Wednesday, July 29, 2015

Hydra Cancer, Putting Stuff in Orbit, and A Book by Bill Bryson

 Today I learned:
1) A bit of a puzzle regarding cancer. See, the genes for cancer, used by cancer and probably required for cancer emerged around the time that multicellularity evolved. This is probably not a coincidence — cancer can’t really be said to happen until there’s a multicellular organism, after all. So we expect cancer to go back to the first multicellular organisms, including sponges and jellyfish. Here’s the puzzle — as far as I know, we’ve never observed a tumor in a sponge. I’m not sure about jellyfish, though hydra *have* been observed with tumors. How do you identify a tumor in a hydra? It could be difficult to tell a tumor from a natural and beneficial but rare growth, after all. In this case, the alleged “tumors” were a) unusual growths b) displaying phenotypes of reproductive structures far from where they usually occur c) with unusual gene expression profiles similar to (though distinct from) tumors in mammals d) capable of being transplanted to other parts of the hydra and spreading throughout the body that e) reduced the fitness of the host. Sounds like cancer to me.

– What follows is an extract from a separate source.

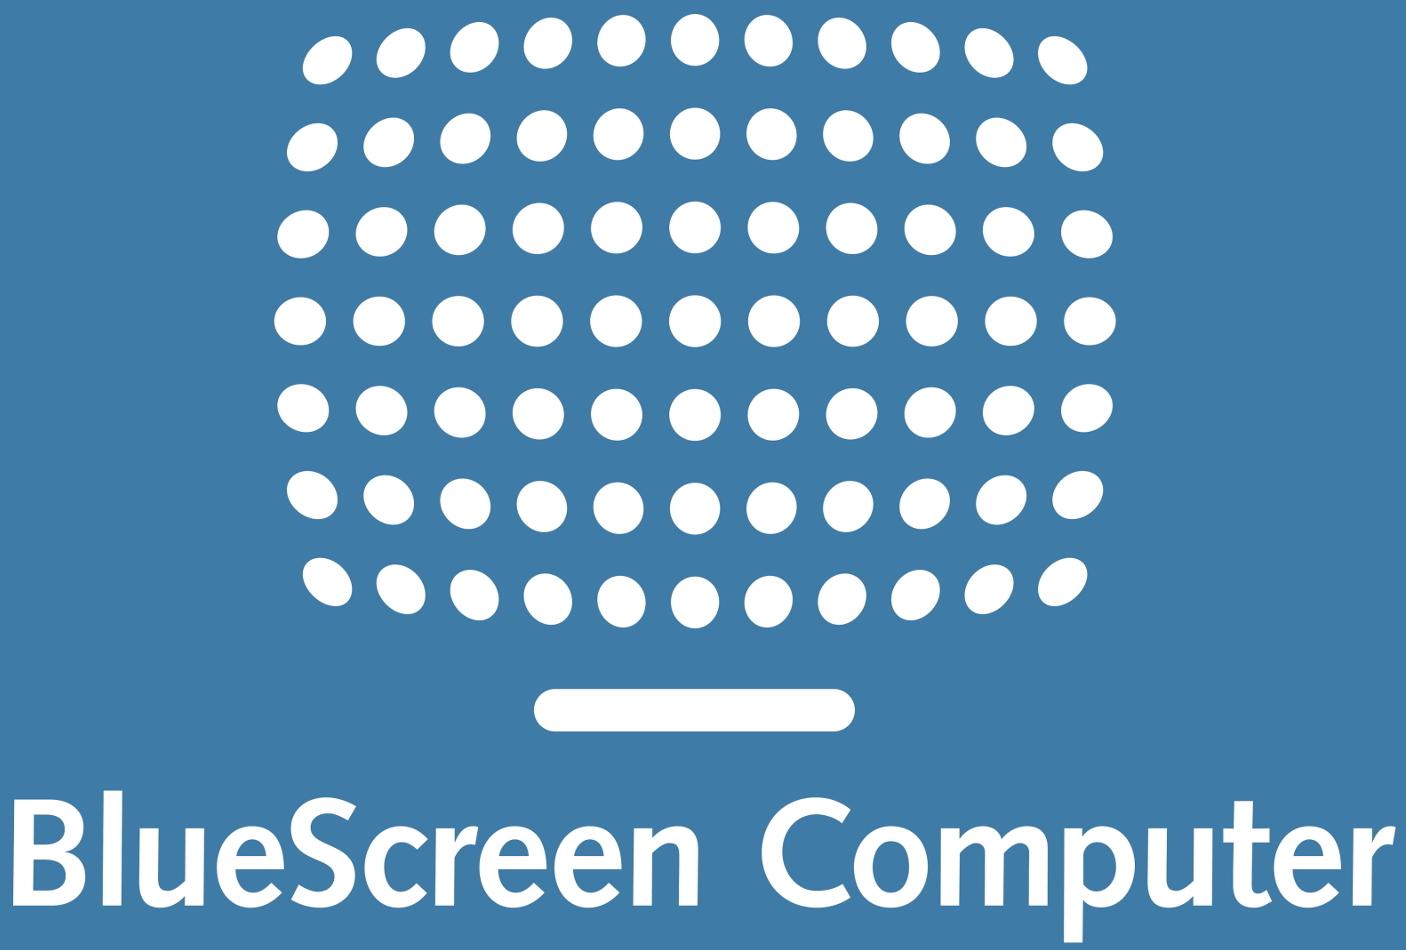 BlueScreen Computer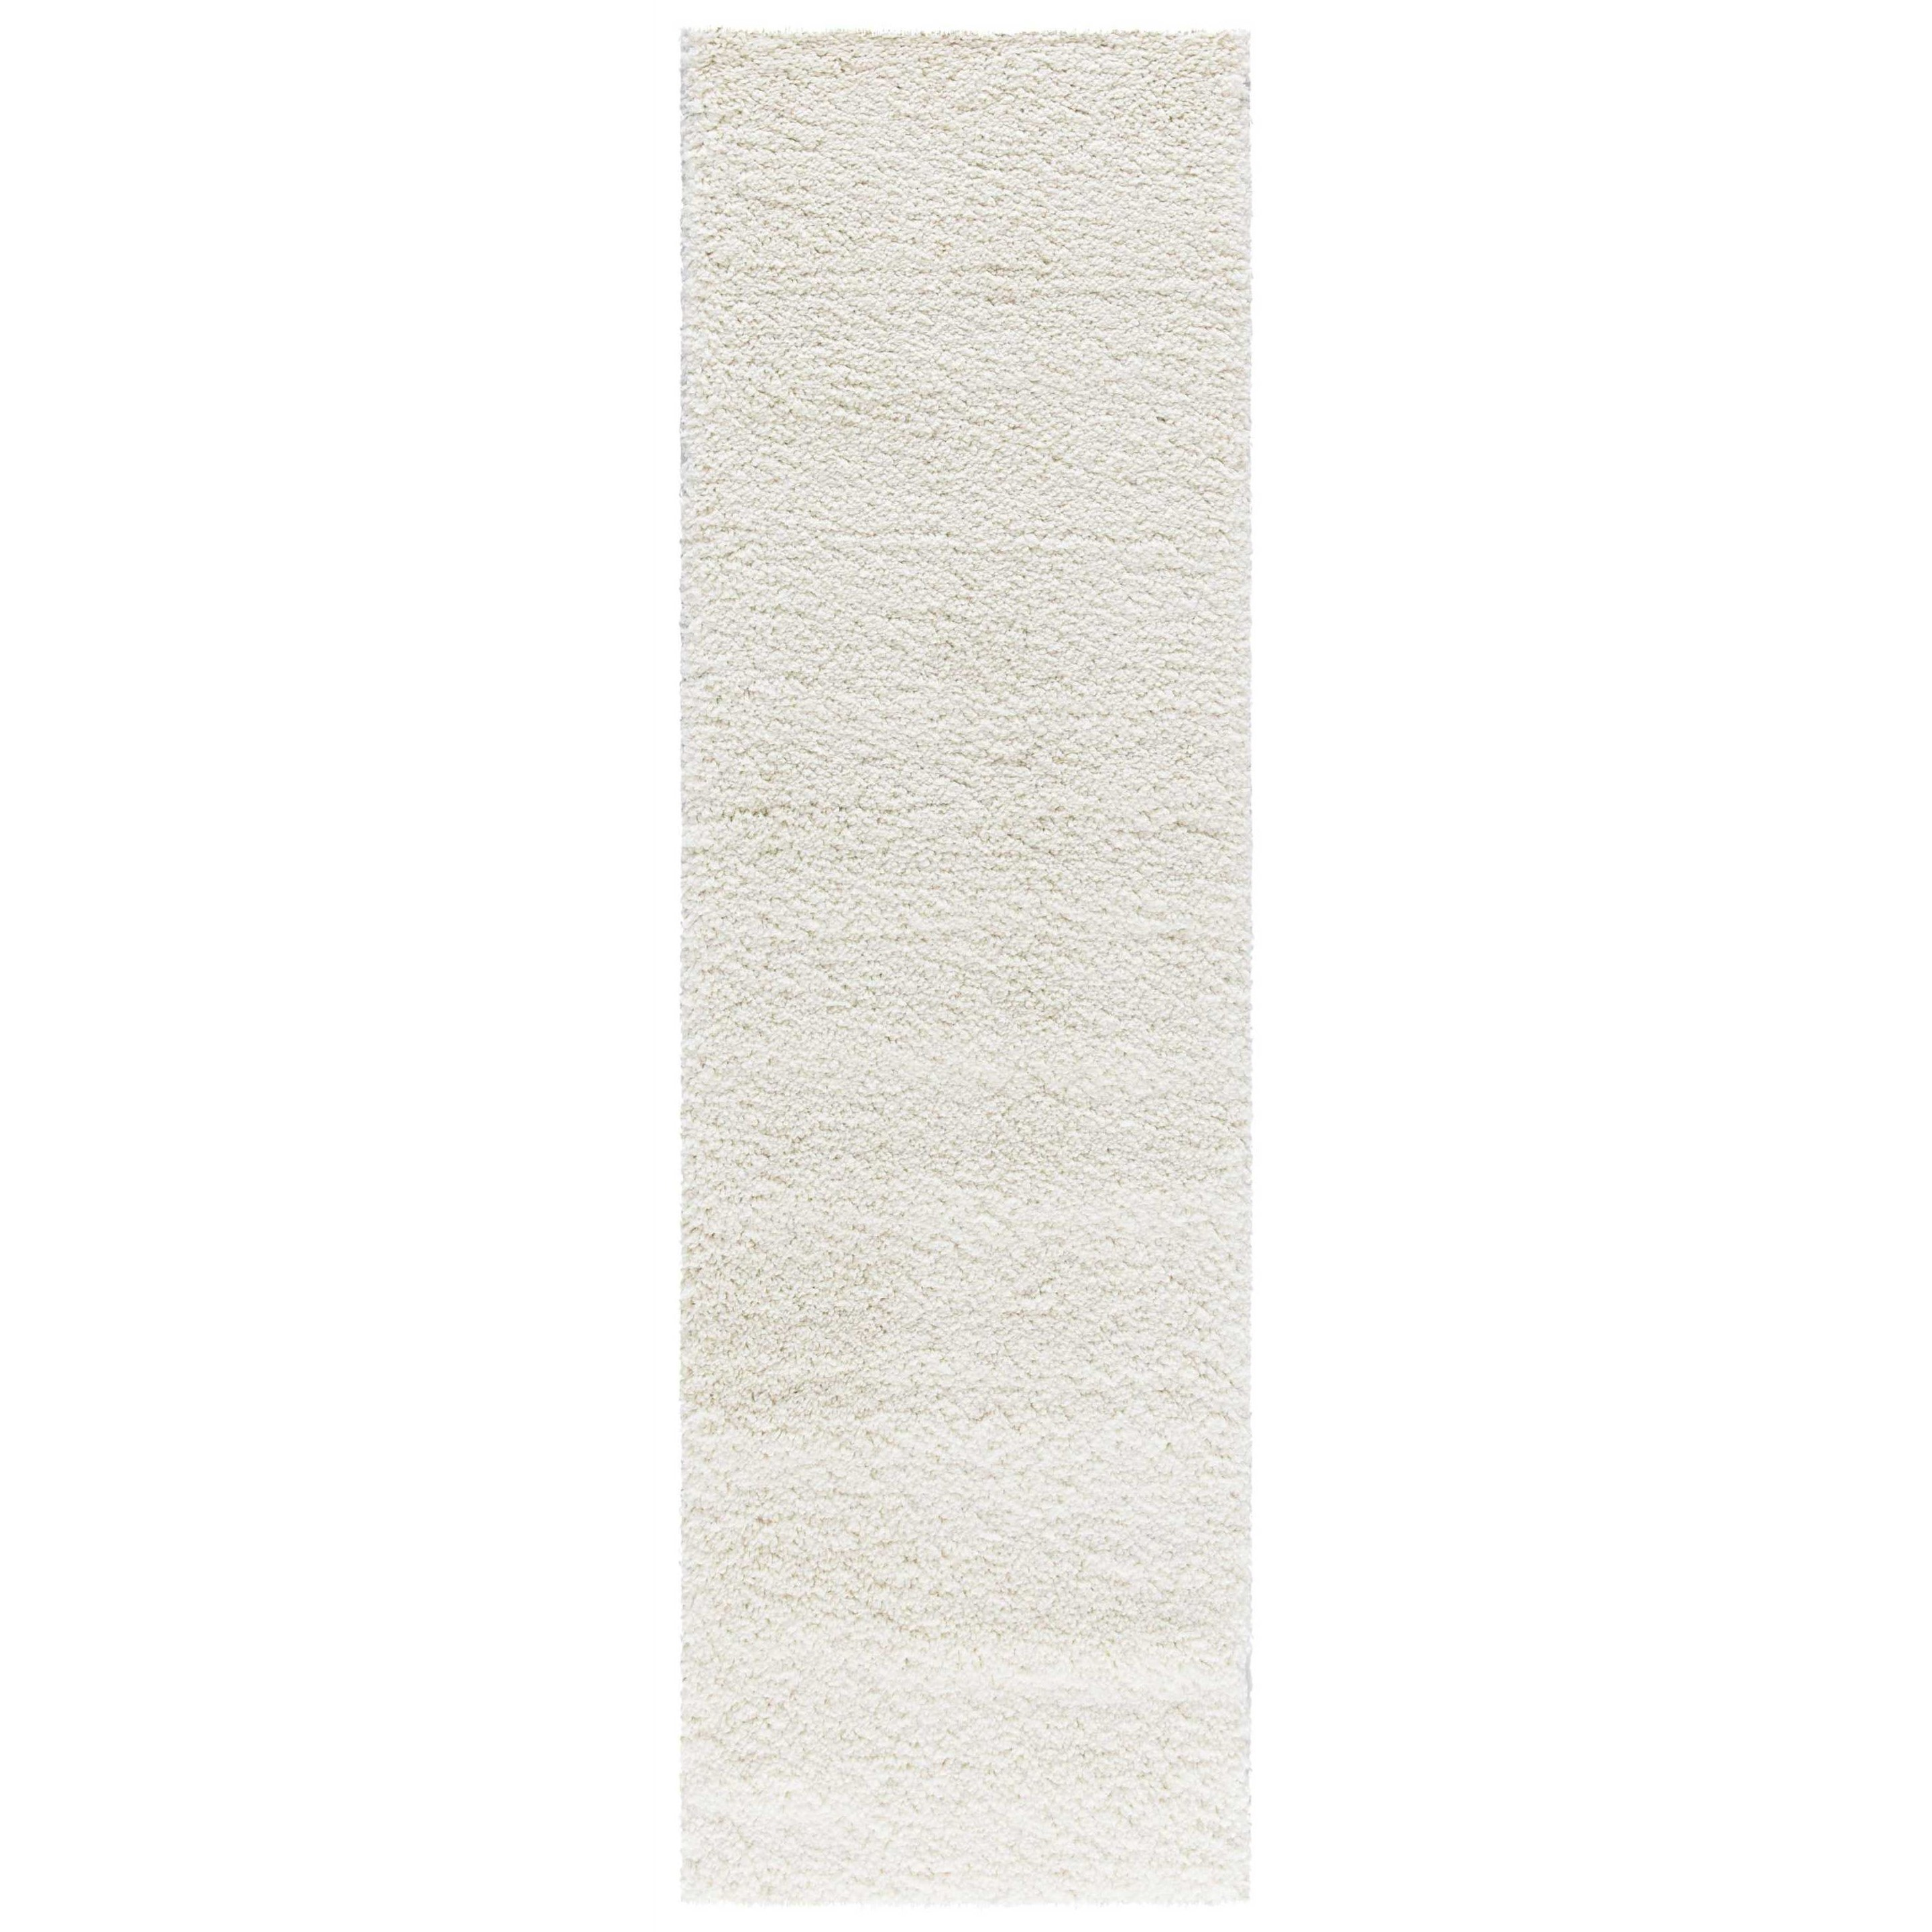 Malibu Shag Malibu Shag MSG01 White 8' Runner  Hallway R by Nourison at Home Collections Furniture

2) It costs somewhere around $25,000 to put a kilogram of material into geosynchronous orbit, and about half as much to put a kilogram of material into low earth orbit. (that’s the market marginal cost per kilogram, not the total cost.)

3) The word “seafood” and the term “dirt road” were invented in America, and spread from there to England and other English-speaking countries. In fact, I’ve been learning about dozens and dozens of such word-spreadings from Bill Bryson’s “The Mother Tongue: English and how it got to be that way”, but those two really stuck with me for some reason. Other little tidbits from that book — the crossword was called a word-cross by its inventor, and crossword puzzles were spurned by major publishers as crass for many decades after their invention (eventually they gave in because they were super-popular).